Theorem. Suppose we are given a set $V$ and a monoid $O$. Then, any homomorphism $f: E=<V> \to O$ satisfies Fungibility.

Next, what if we have a richer algebra?

We require that any vote can be cancelled by some other vote or an election. This requirement is satisfied in any group.

• Cancellation -- Negative Element: For any $v\in V$, there is some $-v\in E$ such that

$$f(v+(-v))=f(v)+f(-v)=0.$$

In some settings, it isn't possible to have a vote $-v$. For example, the negative of a rating or the “anyone but” selection may not be allowed as votes.

Proposition. Under Fungibility and Cancellation, $O$ is a group with $-X:=f(-v)$, where $f(v)=X$.

Then, each equivalence class is a coset with respect to $N=\ker f$, i.e., $$v=f(u) \ \Rightarrow\ f^{-1}(v)=u+N.$$

Proposition. The tally $f:E\to O$ is a homomorphism with respect to $$O\cong <V>/\ker f.$$

Finally, a condition that sets this apart from an arbitrary group and an arbitrary homomorphism. We may require that the outcome of a single vote coincides with the outcome of an election with this vote repeated.

• Unanimity -- Mean: For any $v\in V$,

$$f(v+v)=f(v).$$

But $f$ is a homomorphism! Then we cancel: $$f(v)=f(v+v)= f(v)+f(v) \ \Longrightarrow \ f(v)=0.$$

Thus, we have the main theorem below.

Theorem (Triviality of Tally). Suppose we are given two sets $V$ and $O$ and suppose also that a function $f:<V>\to O$ satisfies Fungibility, Cancellation, and Unanimity. Then $f$ is trivial, $f(x)=0 \forall x$.
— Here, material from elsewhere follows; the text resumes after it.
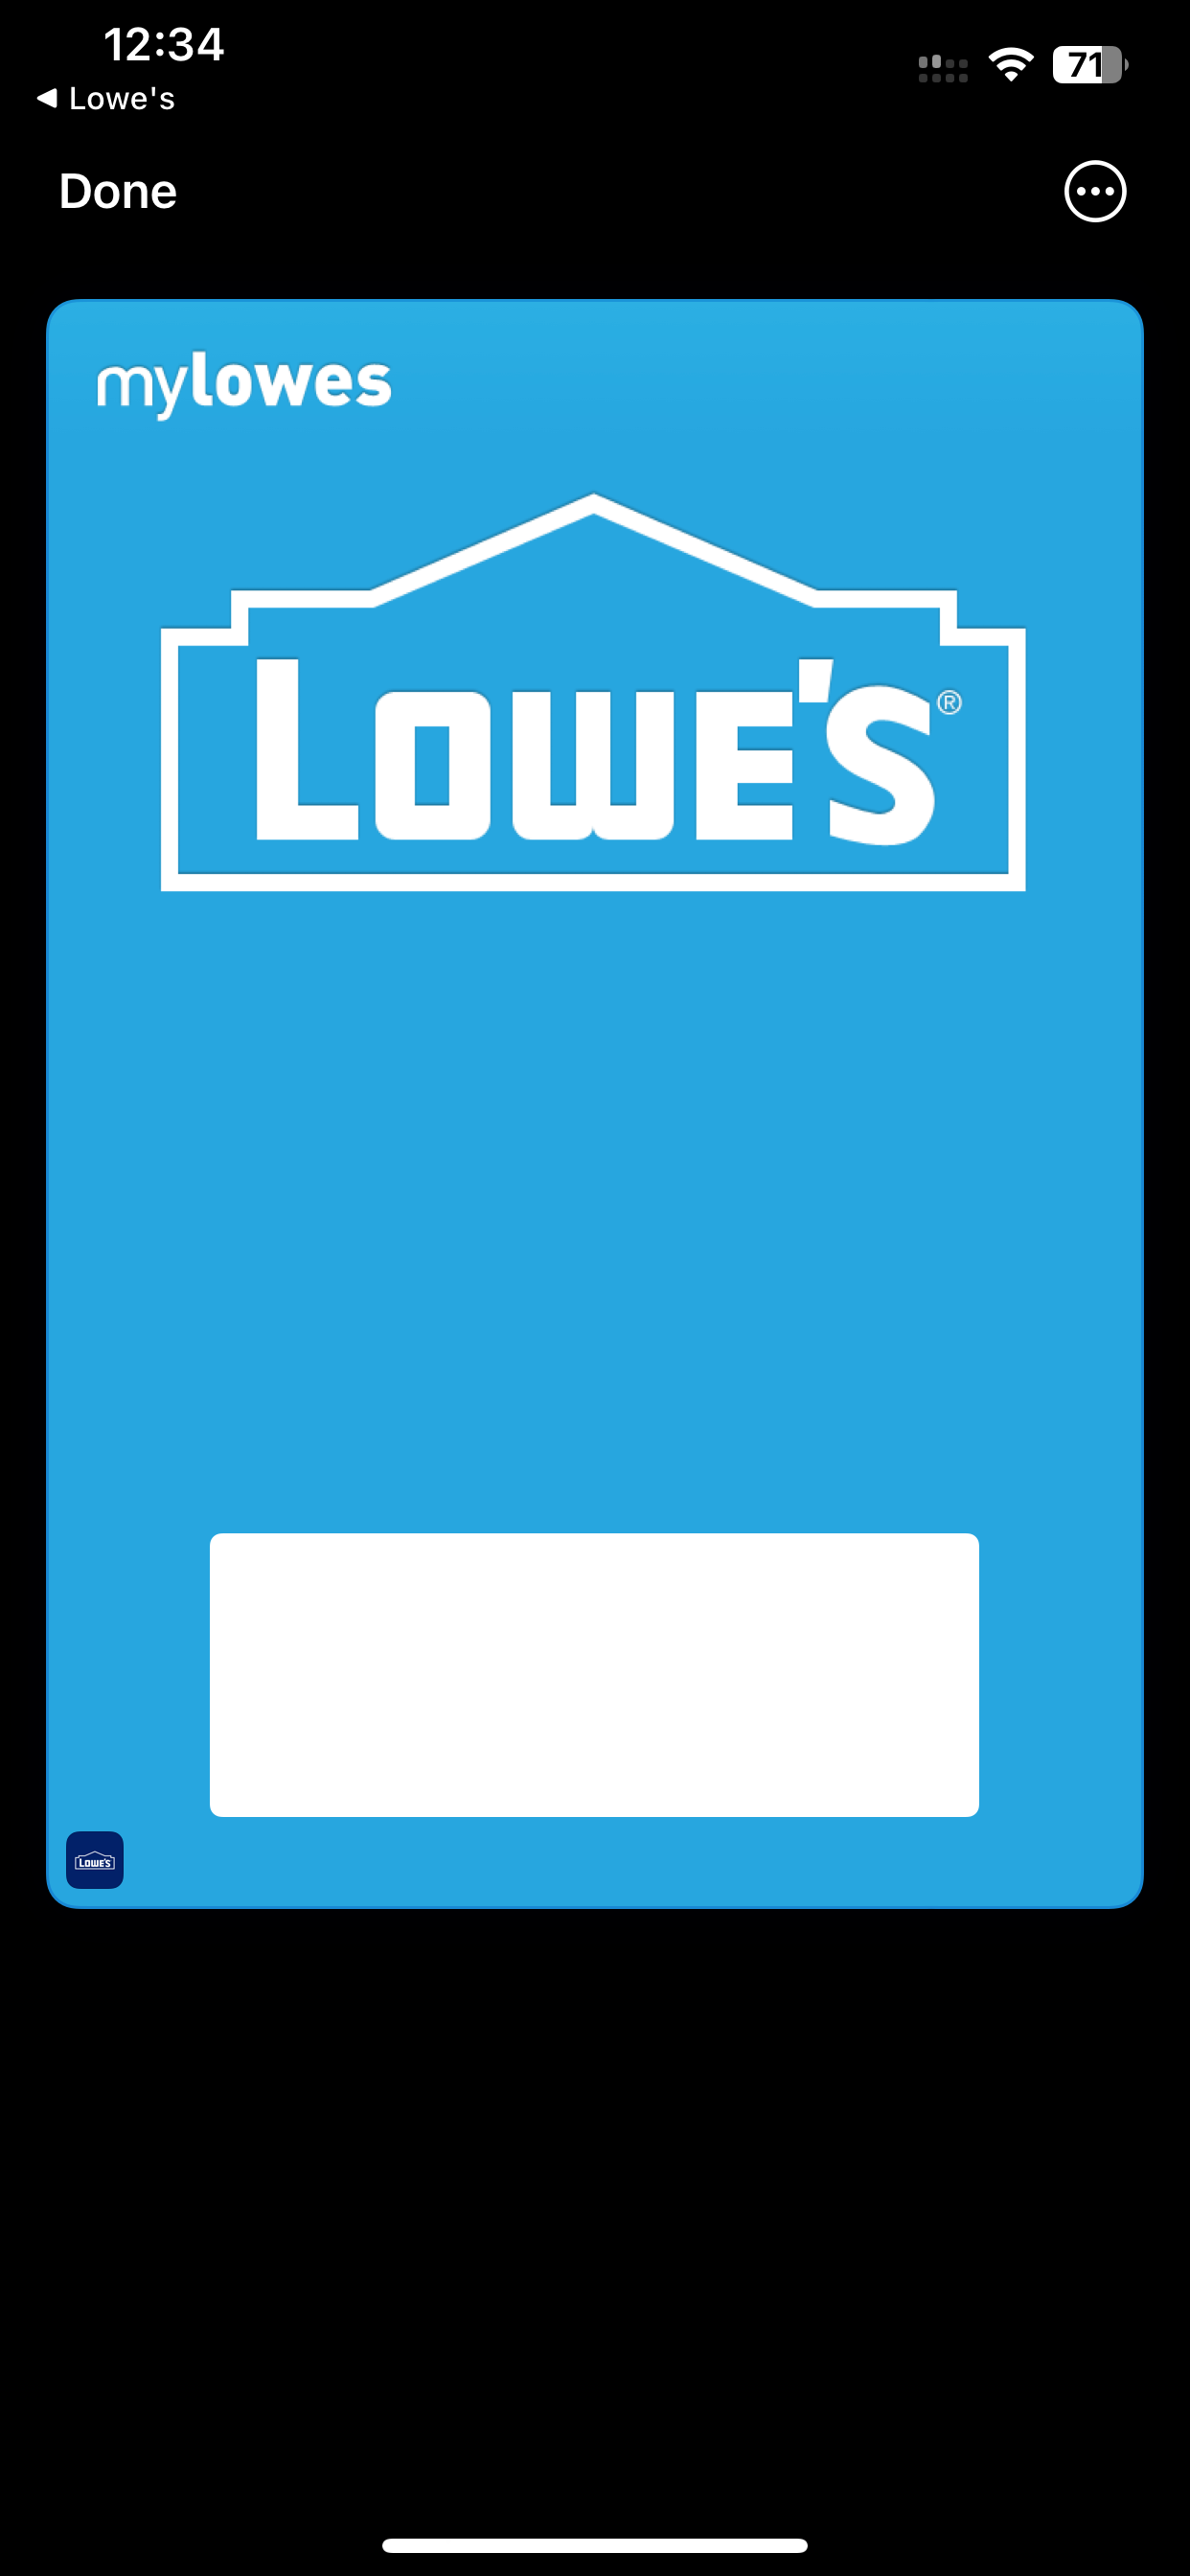 Lowe's supports adding its MyLowe's rewards pass to Apple Wallet.
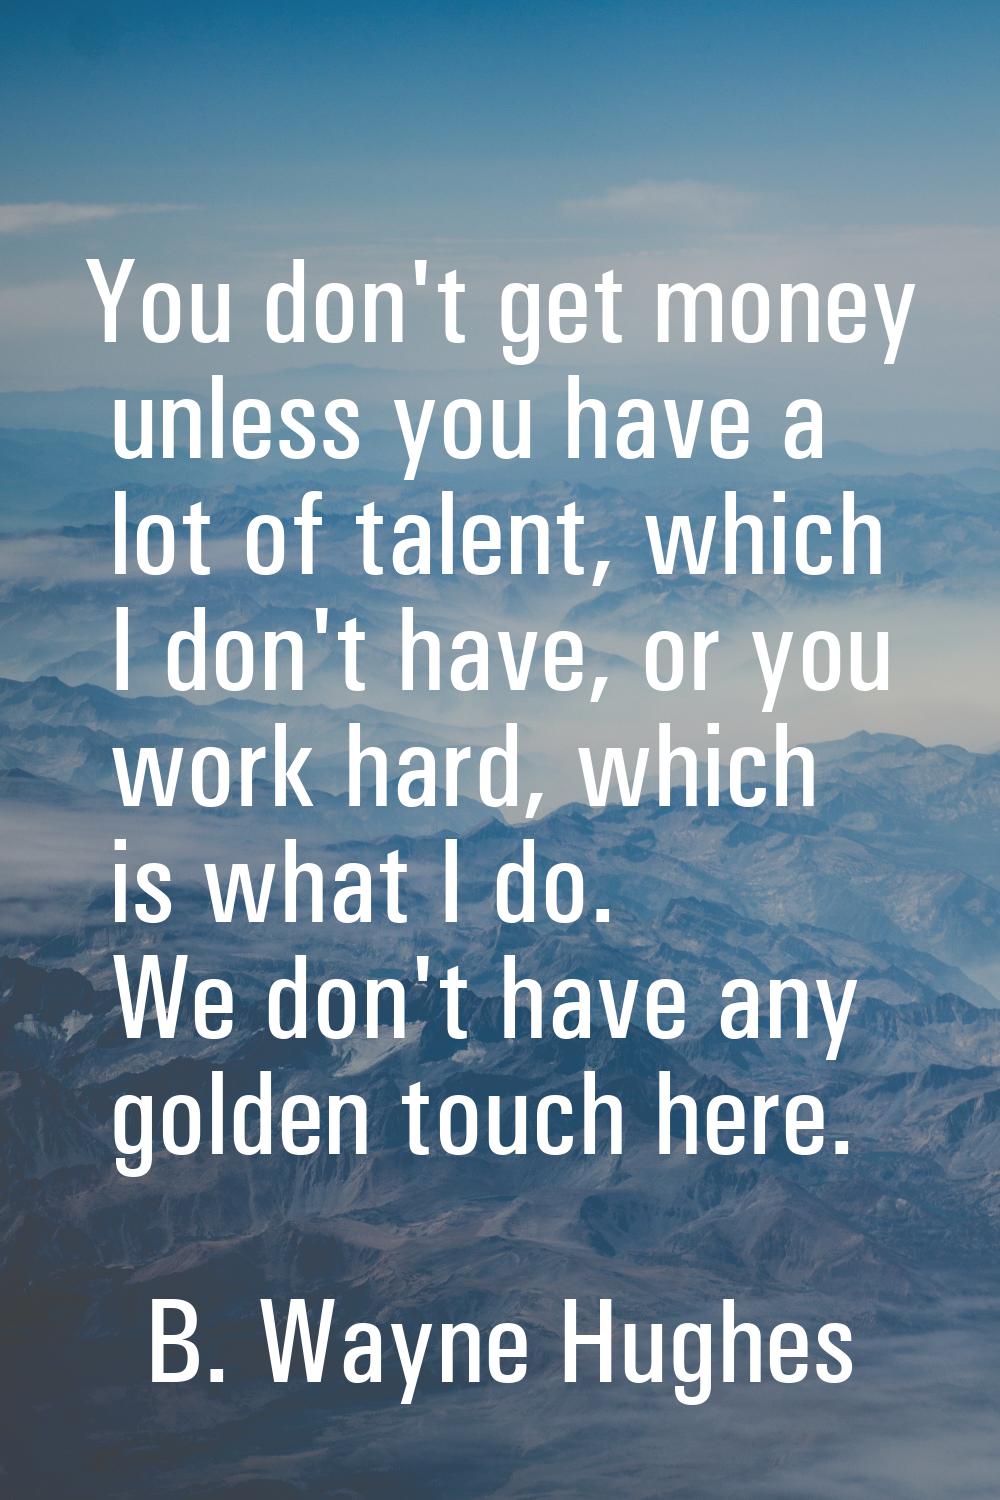 You don't get money unless you have a lot of talent, which I don't have, or you work hard, which is

Alternatively, we have this simple algebra in group $O$: $$x=x+x \ \Longrightarrow \ x=0.$$ Then the only group with this property is trivial.

Corollary. Suppose we are given a set $V$ and a group $O$ and suppose also that a homomorphism $f:<V>\to O$ satisfies Unanimity. Then $f$ is trivial, $f(x)=0 \forall x$.

An example of Unanimity without Cancellation is produced by $V$ consisting of the three projections of ${\bf R}^3$ onto the three coordinate planes.